Wednesday, October 31, 2007
Halloween is becoming almost predictable--everyone is finding somewhere other than home to go to get there supply of tricks and treats. I have however stepped up in the company department, last year it was me and the dog...this year I have Alee. Although she is more consumed with reading "Fast Food Nation" than caring about the cool pencils I am giving out to the little ghouls who ring my bell. Okay-okay, I don't want to hear about my pencils or how I am the Mr. Feeny of the neighborhood (as my girls are referring to me). I am also giving out, your choice of a Vess orange or lemon-lime soda. Which as treats go, has given me a high coolness factor with the few kids who came to my door (twenty to be exact). Which if I may ask-- what happened to kids saying "trick-or-treat" when you open the door? They just stand there sticking there candy bag in your face like I owe them something. It just isn't like it use to be.
Enough about kids, let's talk about my re-entry into the fun world of Halloween. I looked fabulous in Pastor Tom's black robe transformed into Professor Snape's robe. The black hair gel worked marginally but did the trick. The kids at my lunch shift actually could guess who I was. The office looked fantastic...no it looked FANTASTIC! My contribution would be the bricks on the front door, or as we called it "9 3/4 Hogwarts Express". Parents were very impressed with how we tricked the place out. I will leave you now with a score of photos of the Hogwart haven and my Halloween day.
(My lunchroom team...Mr. Hayes is Scabbers the magical rat)
Tuesday, October 30, 2007
I burst through the door of the church office where I saw the group of waiting kids and parents and yelled out "who has a black robe I can borrow". You see I have been on the panic hunt for a black robe for my Harry Potter character costume, I am going to be Professor Snape. And what do you know...God is good...because Pastor Tom offered me his black robe. Said he needed it back by Good Friday.
Now I just hope I am not mistaken as Father Sarducci without the mustache (by staff old enough to remember who that SNL character was).
I have black hair gel to really get the full Professor Snape look. If by chance it stains my hair permanently I will proclaim myself an emerging Gothic queen.
Until tomorrow...when all the goulish fun begins.
Saturday, October 27, 2007
I believe you are feeling neglected, as though I do not care, but I do. My devotion, or lack there of is not deliberate. I think about you everyday-- somehow things just seem to be taking priority.

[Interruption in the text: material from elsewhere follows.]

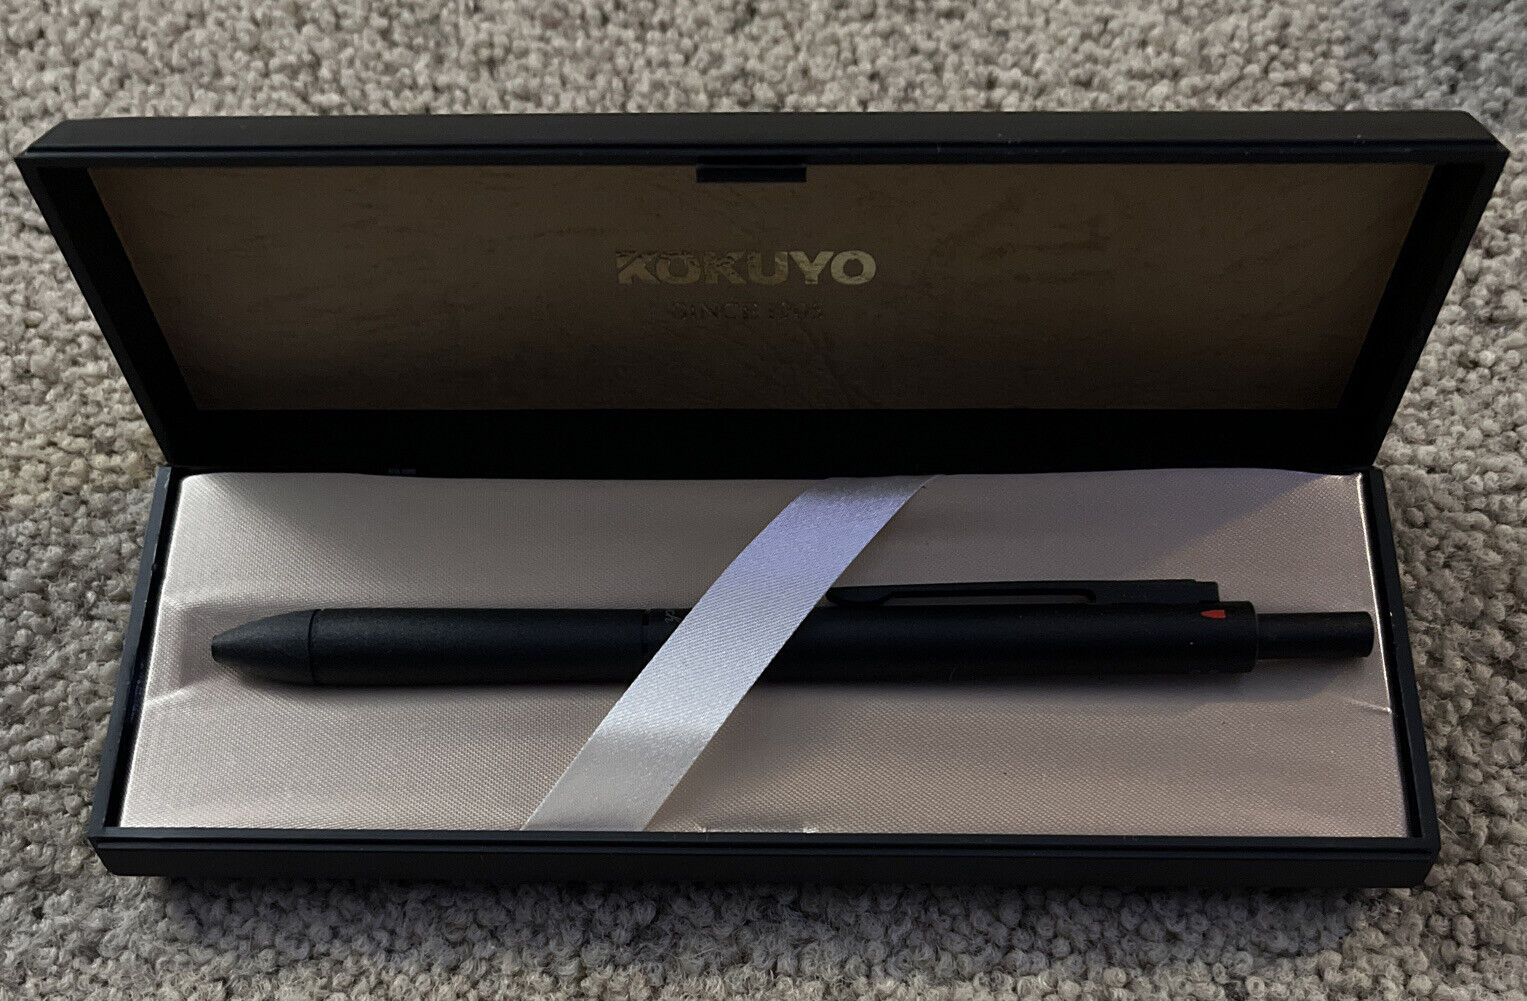 Vintage Kokuyo Withby Clicktouch Smart Pen - Ballpoint/Stylus/Mechanical Pencil

Like...Last Tuesday I organized the Diaperpalooza Baby Shower for two of the band directors who are going to be first time dads. They were totally surprised to not only see there wives in the band room but, there wives each surrounded by 2700 diapers and 3100 wet wipes (or least that is what one of the directors and his wife counted was the haul).

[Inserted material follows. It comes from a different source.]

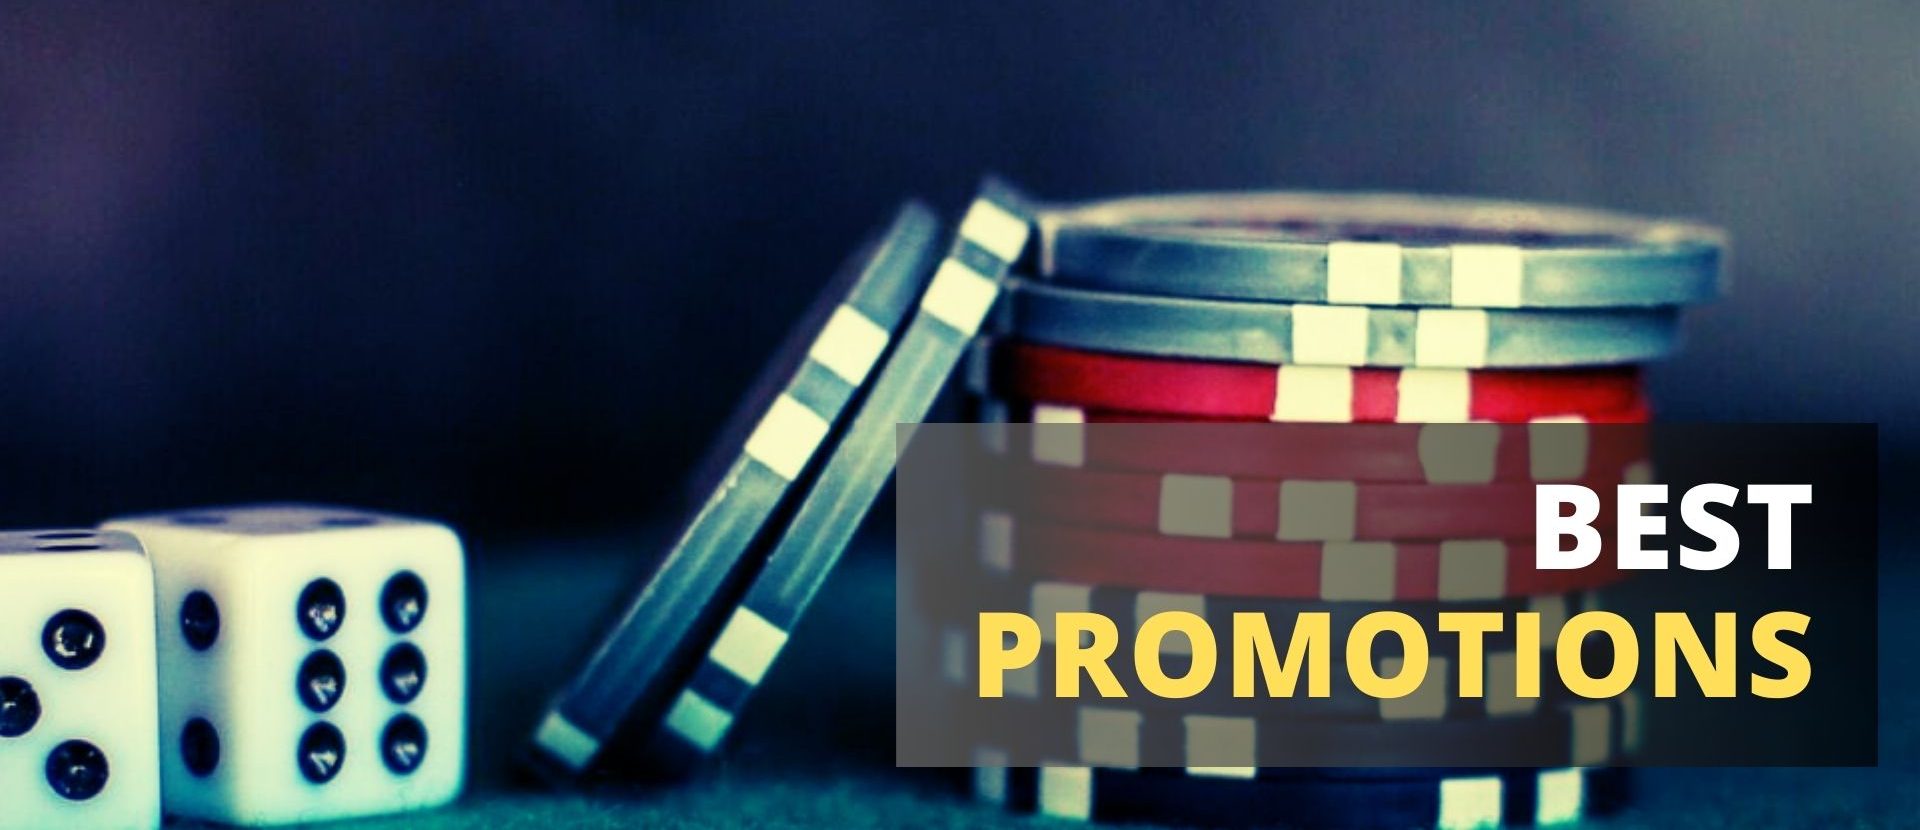 American online casino bonuses and special offers for 2023 

Wednesday I nursed my sick child, battled rush hour traffic to get to the doctor before I was due in the office. Then, I spent the evening in the church office printing off the monthly newsletter; biting my tongue so to refrain from wanting to say ugly things to the Rizo machine and the paper folder as it jammed. The picture of an almost laughing Jesus in the work room made me feel he was enjoying the comedy in it all.
Thursday was a great day and a bad day. Great day because D turned thirteen. We are a house of all teenage girls, YIKES! D's friends kidnapped her in the morning and dressed her up like this...
D looking like that lead to the bad in my day. D's friends, in all there excitement left the front door open and Uli escaped. I ran through the neighborhood for a mile (that is no exaggeration) in circles for 30 minutes in my PJ's and flip flops screaming profane things at the black devil till I caught her. I know for a fact she is alive only by the grace of God--it would have been a toss up on who could have taken her life, the car or me. The police car parked at the top of street was probably called to control the crazy lady--me. I guess it was Uli's way of saying hey how 'bout me, celebrate me living as a part of the family for a year now. I think I wanted to forget my moment of weakness when I agreed to getting the black devil for D's 12th birthday.
Friday was Senior Night. Only for the love of a child-- who has been in the marching band for four years-- would parents stand in the pouring rain to hear there child's name and future education plans announced to a dwindling stadium of fans...thanks family next to us for the loan of an umbrella--well King Ralph can't thank'em the umbrella was built for two, not three.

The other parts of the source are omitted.